Подожди, думает, устрою я тебе шутку. Другой раз не поманит ко мне ездить.
Узнала, когда Яшка будет, спровадила куда-то мать, нагнала полную избу подружек, да и пристроила около порогу верёвку. Как Яшке в избу заходить, Устя натянула верёвку, он и чебурахнулся носом в пол, аж посуда на середе забренчала. Подружки смеху до потолка подняли, а Яшку не проняло. Поднялся да и говорит:
— Не обессудьте, девушки, не доглядел вашей шутки. Привык, вишь, надаля глядеть, под ногами-то и не заметил.
Что вот с таким сделаешь?
Другой раз Устенька шиповых колючек под седло Яшкину мерину насовала. Мерин хоть вовсе смирный был, а тут сдичал — сбросил Яшку башкой на чьи-то ворота. Только Яшке хоть бы что.
Подружки Устины вовсе приуныли.
— Как ты, Устенька, отобьёшься! Стыда у Яшки ни капельки, а башка — чугунная. Гляди-ко, чуть ворота не проломил, а хоть бы что.
И Устенька тоже пригорюнилась.
Тут парни забеспокоились, как бы девку из беды вызволить. Первым делом, конечно, подкараулили Яшку в тихом месте да и отмутузили. Кулаков, понятно, не жалели. Только Яшка и тут отлежался, а народу большое беспокойство вышло.
Бары хоть друг дружке не на глаза, а при таком случае, небось, в одну дуду задудели:
— Немедля разыскать, кто смел приказного бить!

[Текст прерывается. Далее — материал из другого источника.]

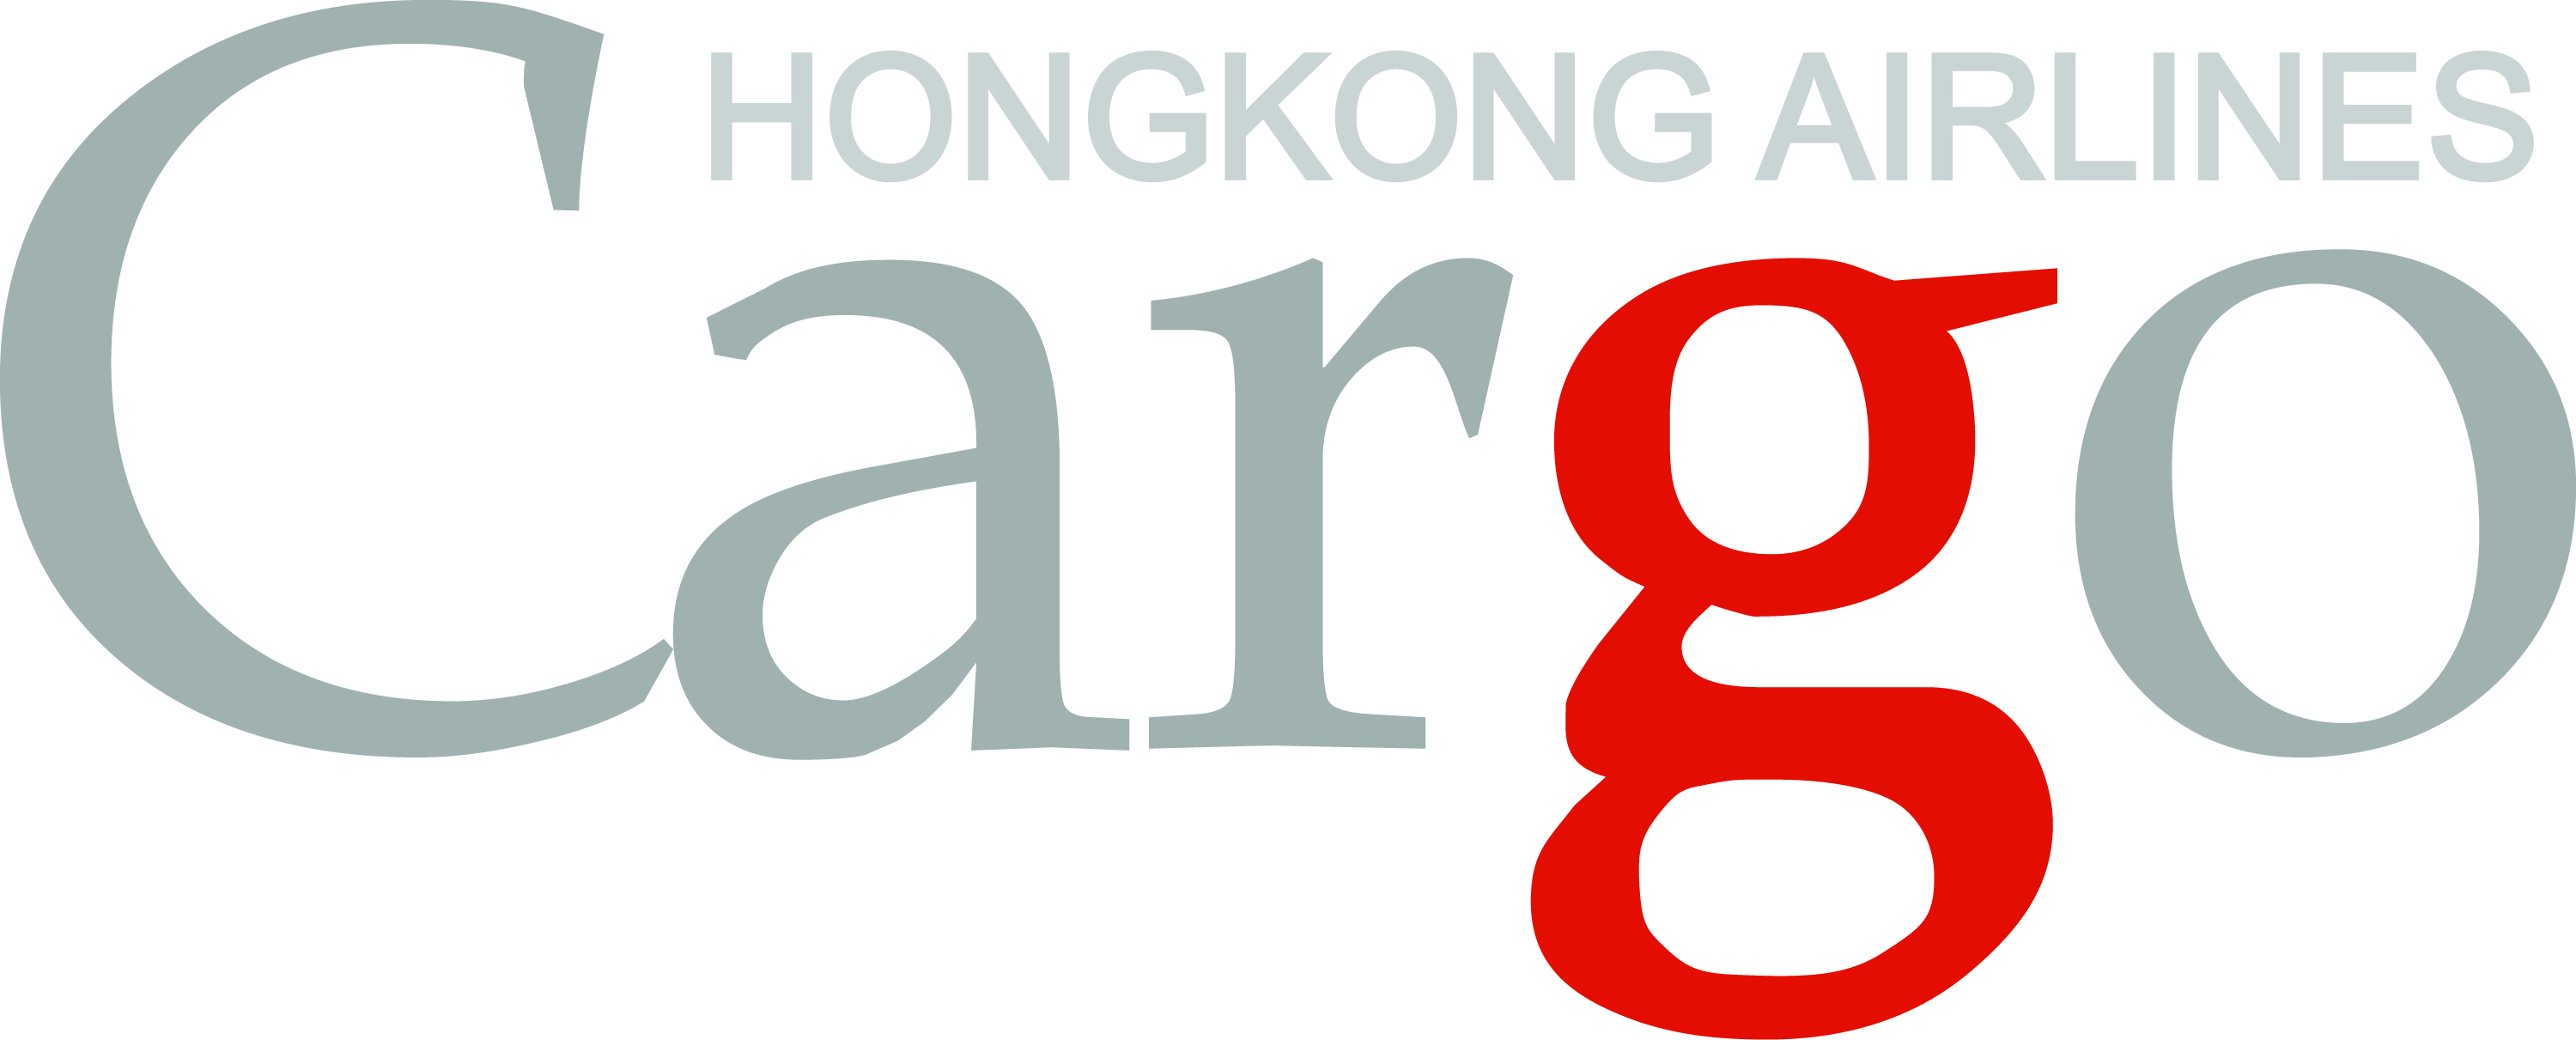 Hong Kong Air Cargo
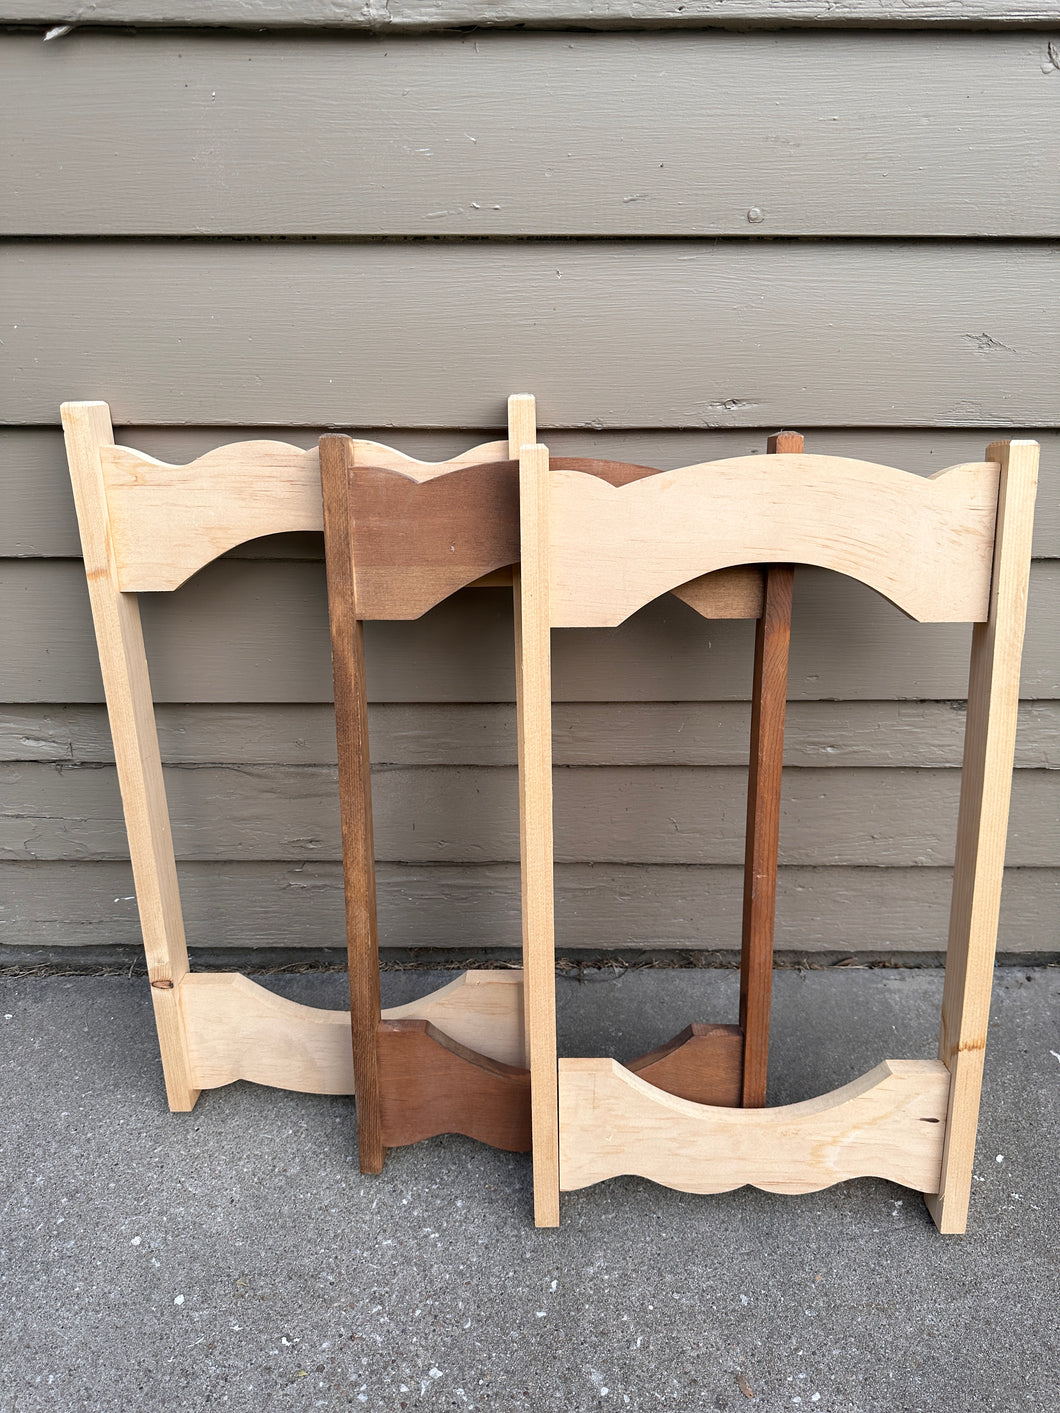 Wood Craft Frames

Эдак-то разохотятся, так — чего доброго — и барам неспокойно будет!
Занюхтили барские собачонки с обеих сторон. Виноватых, конечно, не нашли, а многим, кто на заметке у начальства был, пришлось спину показывать. На Саломирсковской стороне палками тогда хлестали, а на Турчаниновской — плетью. Которое слаще, им бы самим отведать.
Много народу отхлестали, а одному чернявому парню, — забыл его прозванье, — так ему с обеих сторон насыпали. Виноватее всех почто-то оказался.

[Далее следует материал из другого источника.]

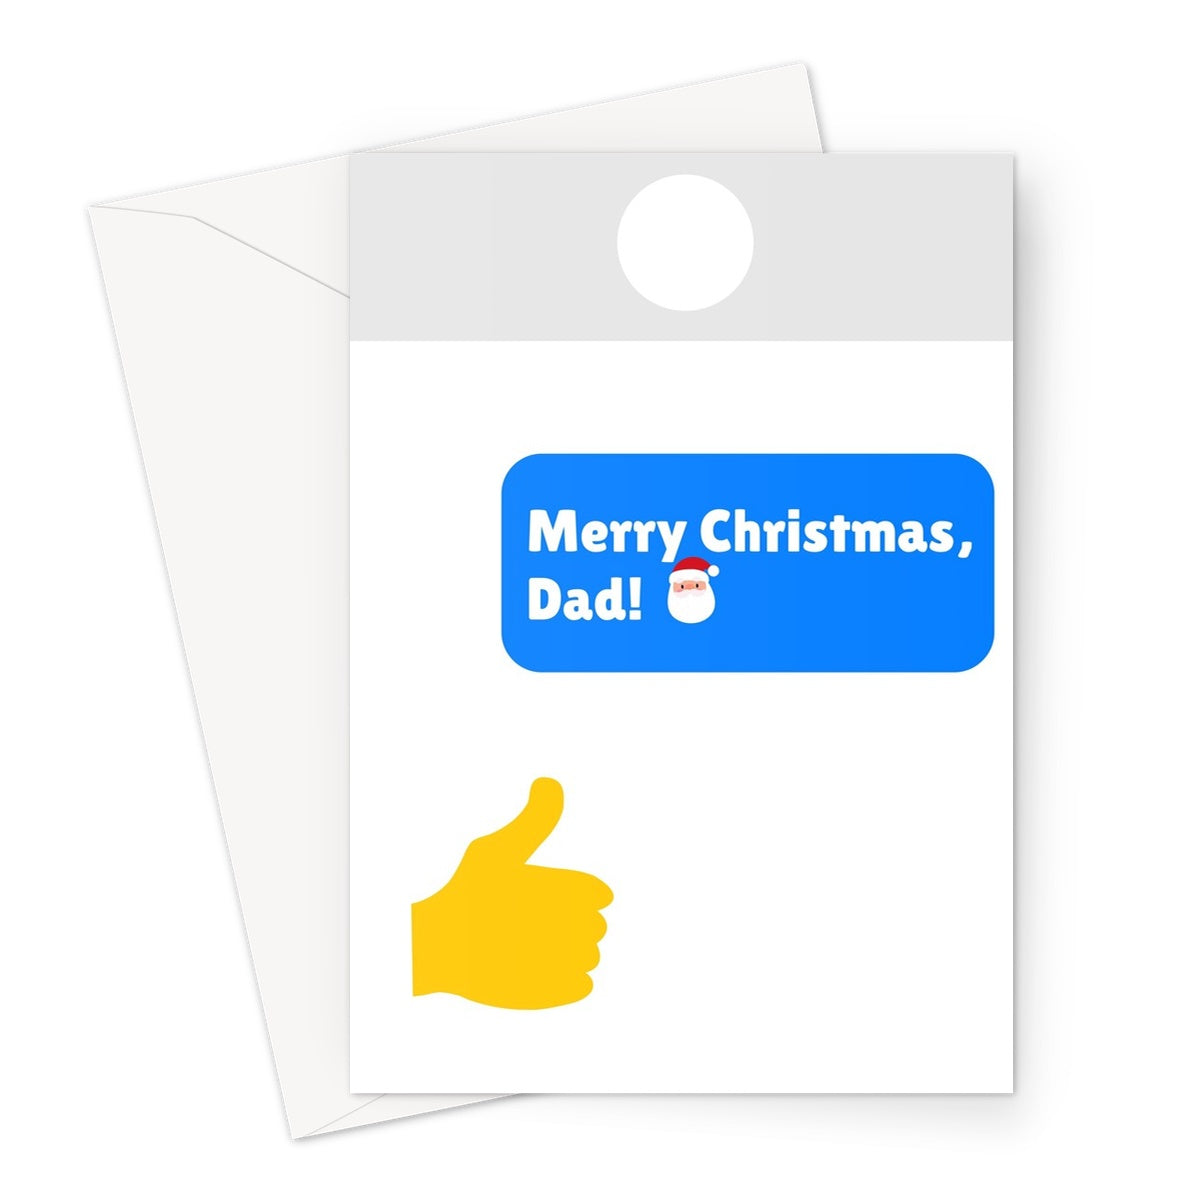 Merry Christmas, Dad! Thumbs Up Text Typical Joke Santa Response Greeting Card

Зато Яшка вовсе нос задрал. Барыня, вишь, придумала, что на Яшку озлобились за работу на барскую руку. Ну, хвалит, понятно, потом спрашивает:
— Не надо ли тебе чего?
Яшка не будь плох и говорит:
— Жениться хочу. На девахе из вашего владения. Шаврихи-вдовы дочь — Устинья.
— Это можно. — И велела Шавриху позвать. Та прибежала, объясняет барыне: дескать, сама-то всей душой, да деваха супротивничает.
— Старый, — говорит, — да облезлый.
Барыня завизжала, заухала:
— Да как она смеет! Её ли дело разбирать, кого в мужья дадут! Чтоб завтра же под венец!
По счастью, пост случился. По церковному правилу венчать нельзя. Осечка у барыни вышла. Призвала всё-таки попа и говорит:
— Как можно станет, сейчас же окрути эту девку! Без поблажки, смотри!
Наказала так-то и укатила в Щербаковку жеребцов гонять.
Пришла Шавриха домой, объявила Усте барынину волю, а Устя ничего.
— Ладно, — говорит.
Задушевные подружки прибежали, болезнуют:
— Приходится, видно, за облезлого выходить.
Устя и им отвечает:
— Что поделаешь! И с облезлыми люди живут.
Подивились подружки, — что с девкой сделалось! — убежали. Тут и сам женишок прикатил, а Устя его всяко привечает. Яшка и обрадовался:
«Поняла, знать, девка своё счастье. Теперь уж малахитовая яма моя будет».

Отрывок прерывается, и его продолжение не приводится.